In the circumstances, the unreported decision rendered by Srinivasan, J. in Amaravathi Textile, Madurai v. Arunachalam C.R.P. No. 1898 of 1987, and the ratio laid down by Sivasubramaniam, J. in N.S. Doshi and Co. v. Ganesan 101 L.W.433 : 1987 T.L.N.J. 305, and the ratio of the decision of the Supreme Court reported in Chhotelal Pyarelal v. Saikharchand, can be applied Accordingly C.M.P. No. 5523 and 5524 of 1988 for impleading the other partners, namely, the proposed respondents 2 to 4 are ordered and the landlady (respondent in this C.R.P.) is permitted to amend the cause title of the original petition and all other connected proceedings by adding all the partners of the tenant firm of Ramakrishna & Bros.
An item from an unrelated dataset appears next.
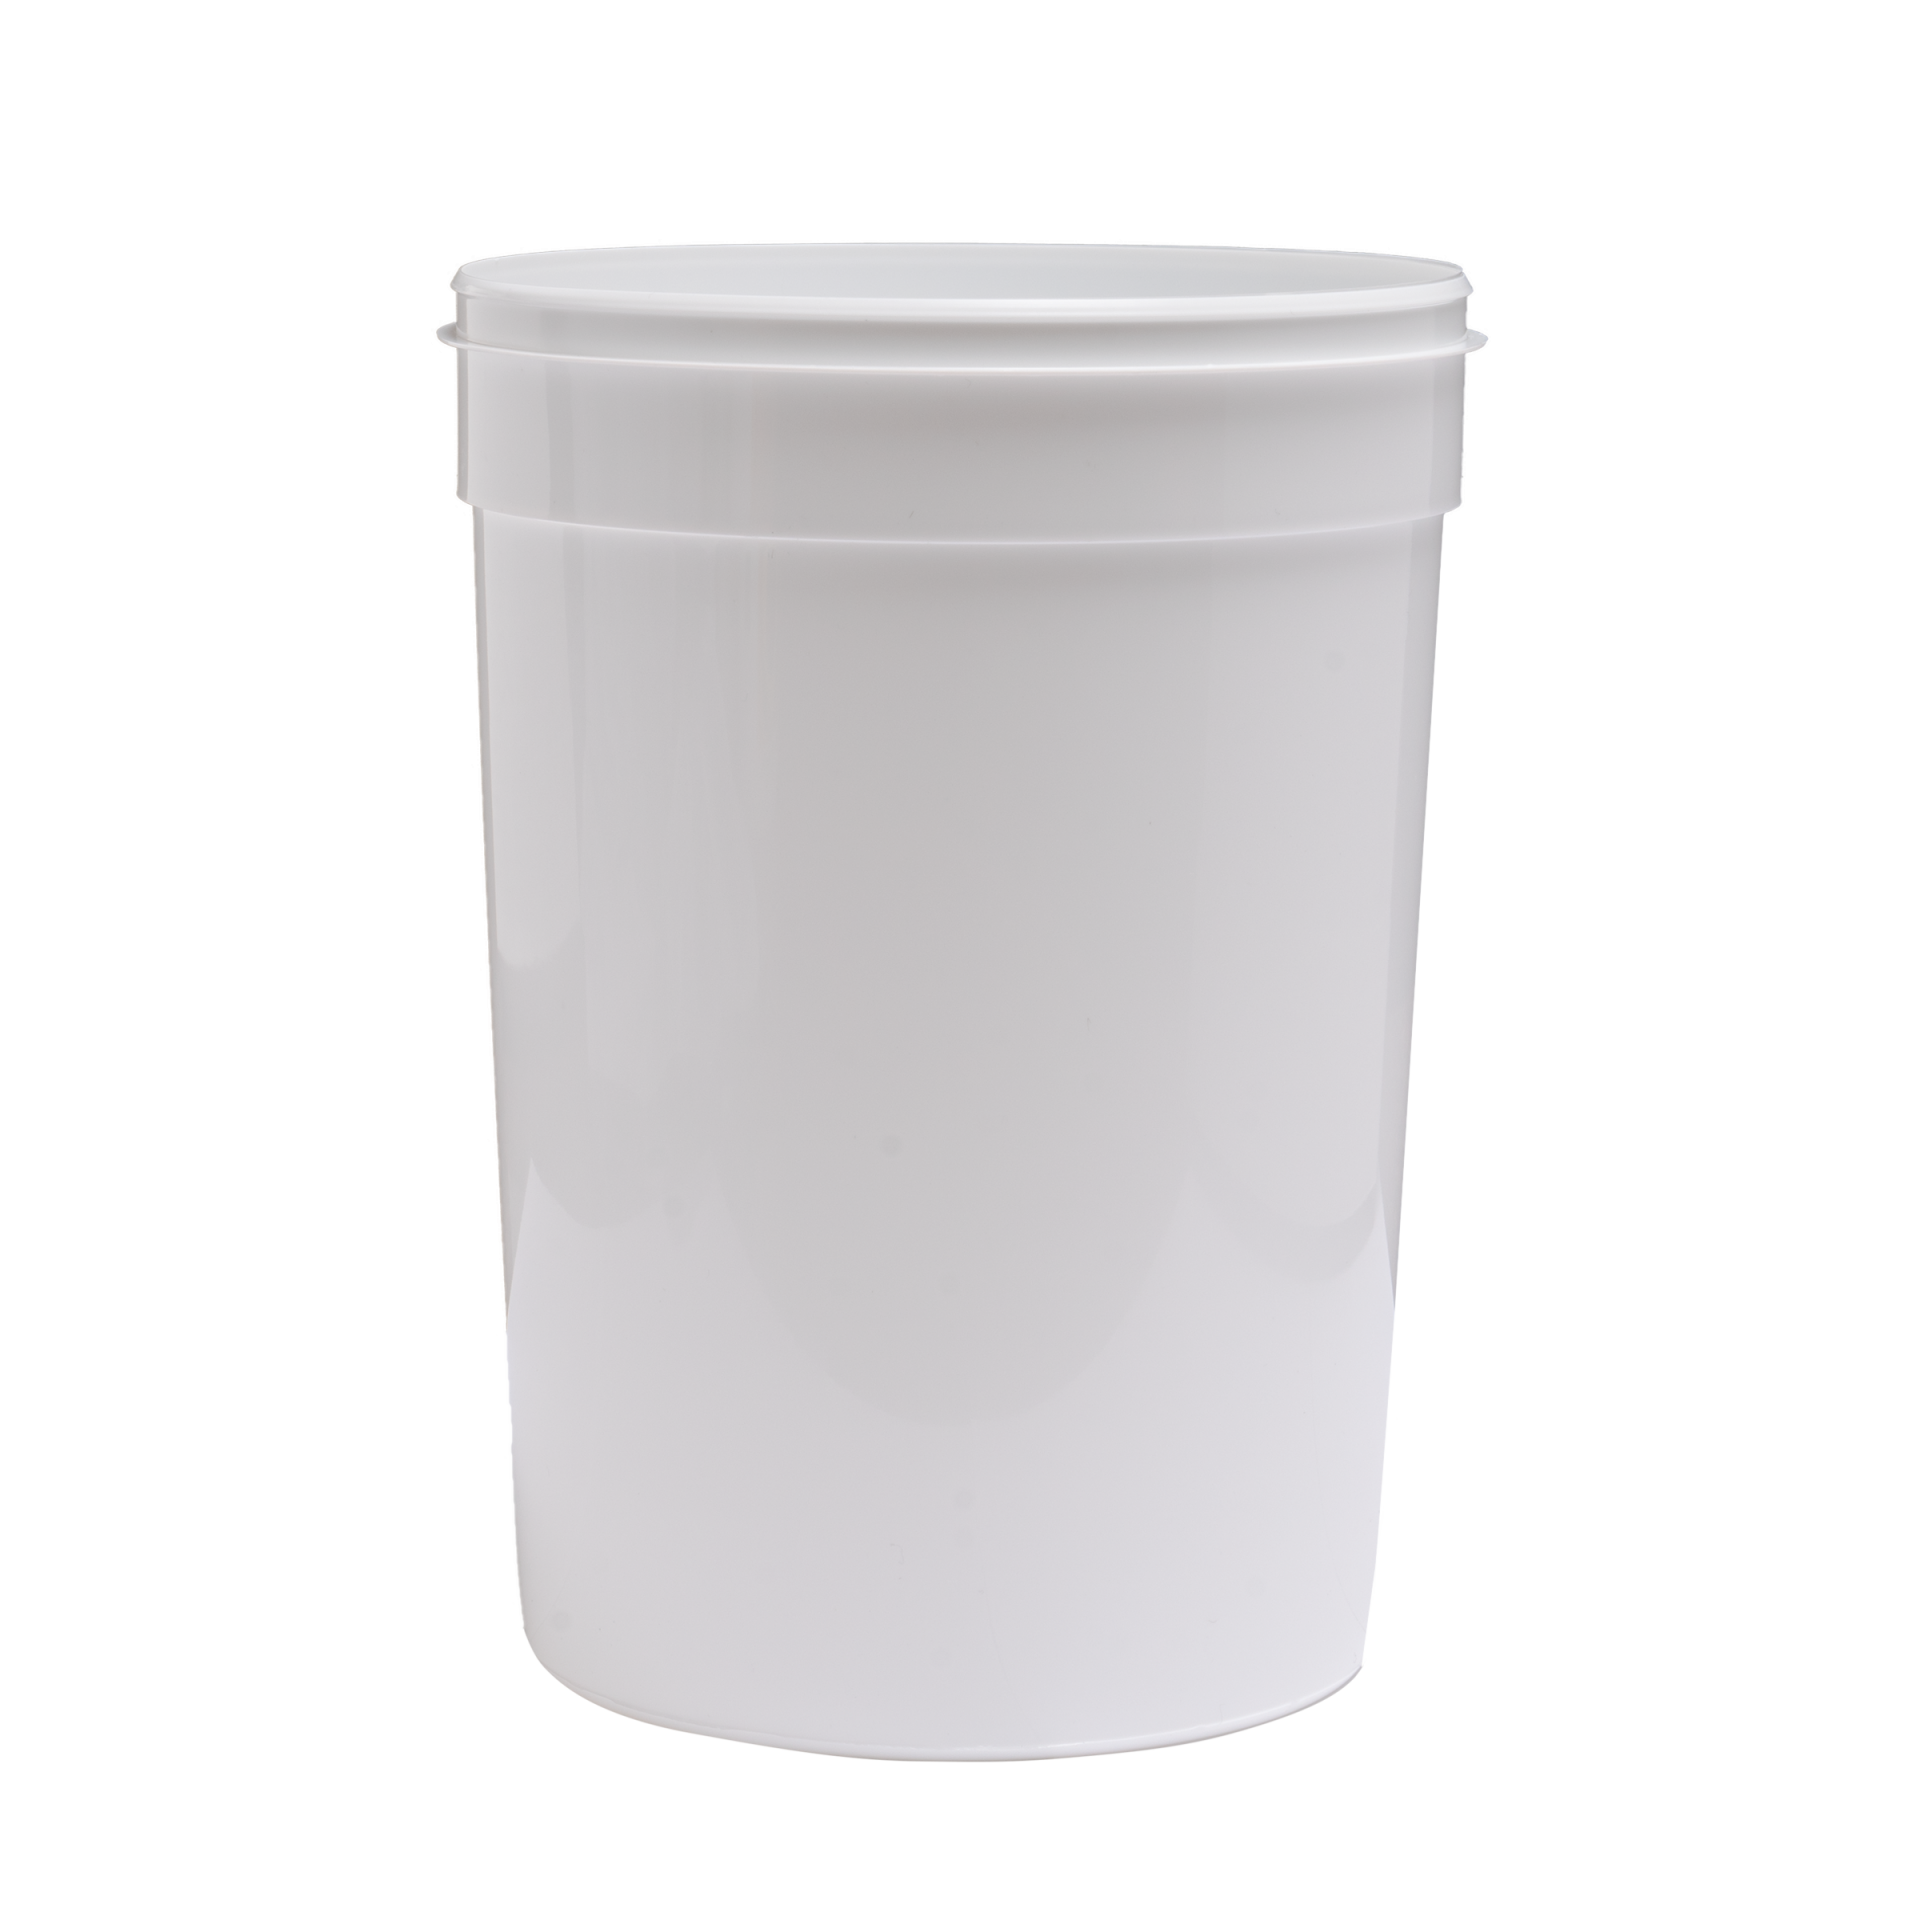 https://www.containersupplycompany.com/wp-content/uploads/2020/03/6-1_2-tub-1920x1920.png

As the revision is now allowed only on the question of maintainability of the eviction petition, I have not gone into the merits of the case and they are left open to be decided after the proposed parties are impleaded. 10. In the result, the revision is allowed, and the matter is remitted back for fresh disposal to the Appellate Authority, who is directed to give an opportunity to the newly added respondents to file counter statements in answer to the application for eviction and to give opportunity to them to adduce necessary evidence and thereafter consider the entire documentary and oral evidence afresh and dispose of the matter on merits as expeditiously as possible, in any event, within three months from the date of receipt of this order. However, in the circumstances of the case, there will be no order as to costs in this revision.